INFORMATION SUPPLIED:

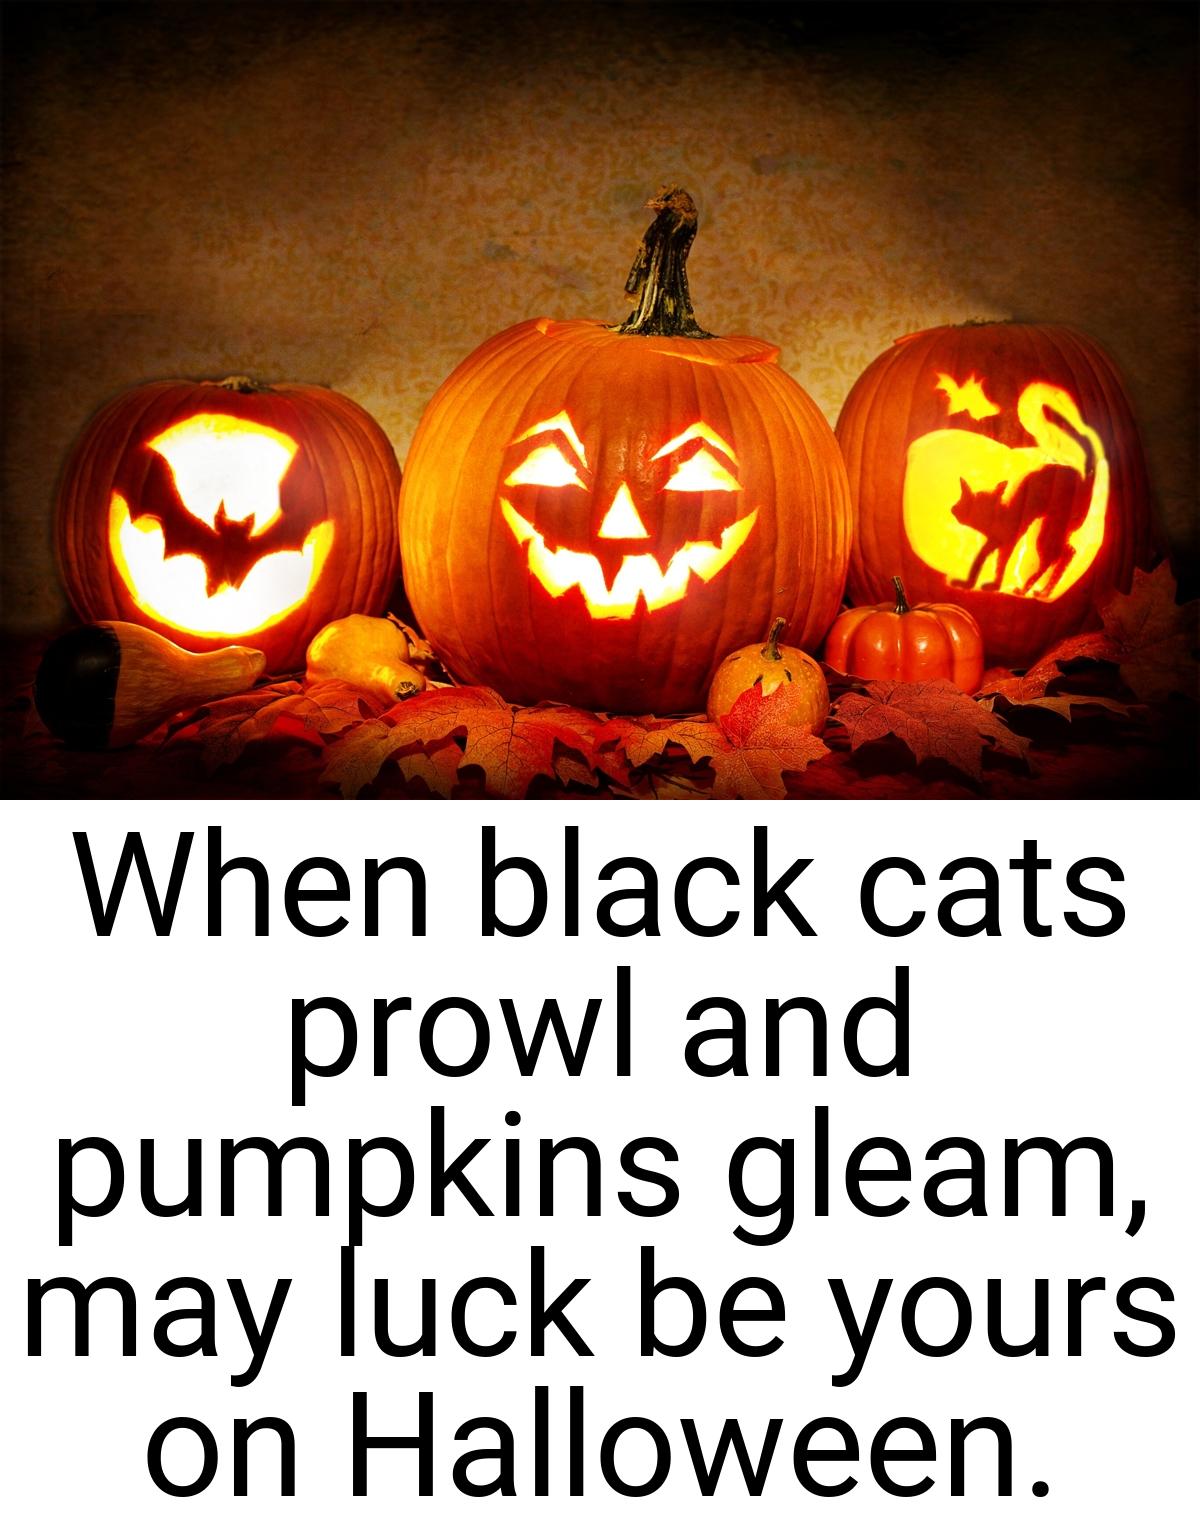 When black cats prowl and pumpkins gleam, may luck be yours
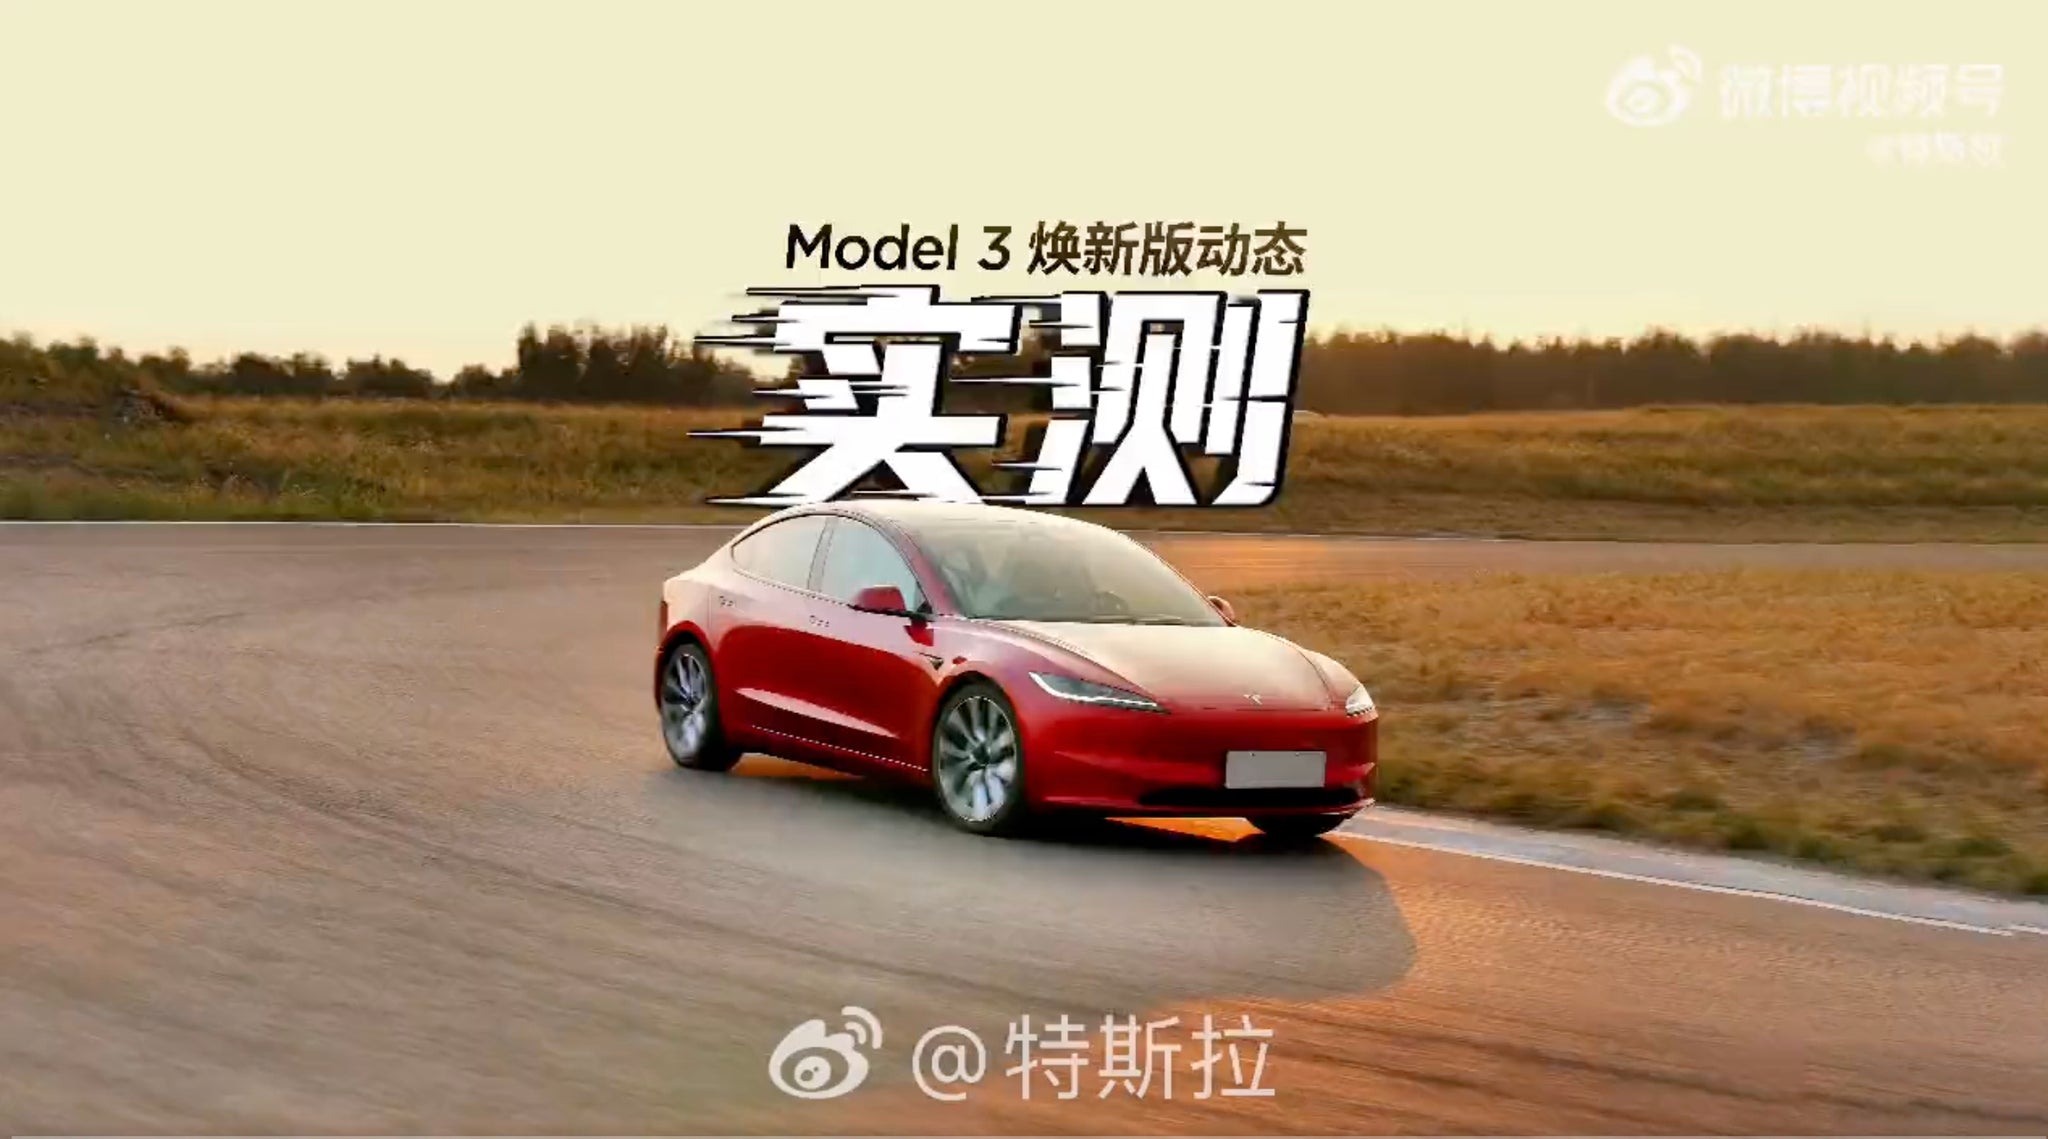 New Tesla Model 3 Developed Mainly By China Engineering Team, Confirms VP Lars Moravy
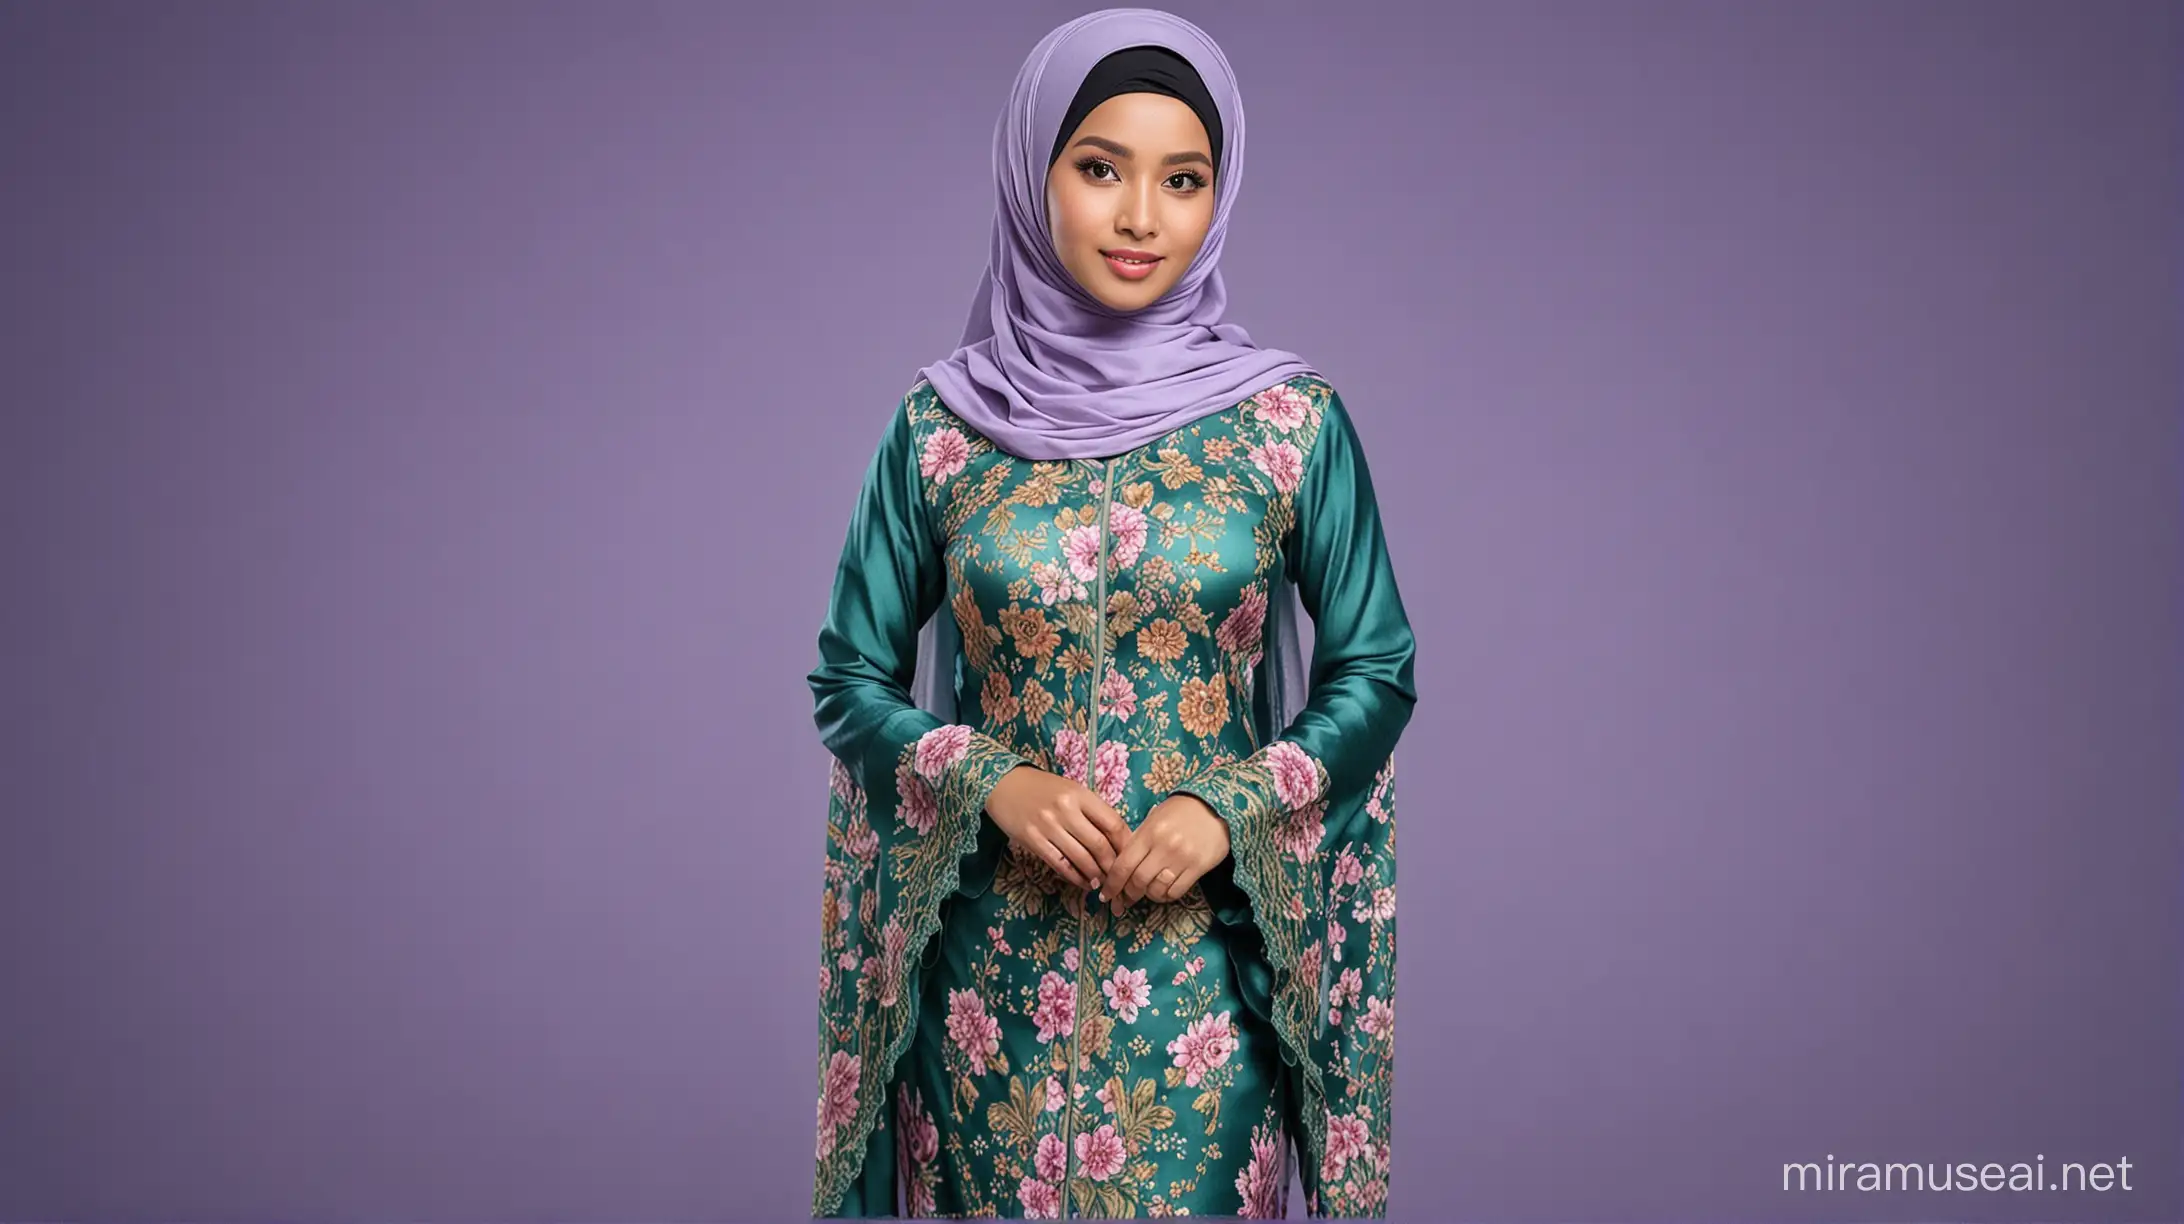 Elegant Malay Lady in Green and Lavender Kebaya with Glowing Eyes on Blue Background

PROBLEM STATEMENT:
What you return should match the material line for line, with the images removed.

WORKED SOLUTION:
 When black cats prowl and pumpkins gleam, may luck be yours
 New Tesla Model 3 Developed Mainly By China Engineering Team, Confirms VP Lars Moravy
 Elegant Malay Lady in Green and Lavender Kebaya with Glowing Eyes on Blue Background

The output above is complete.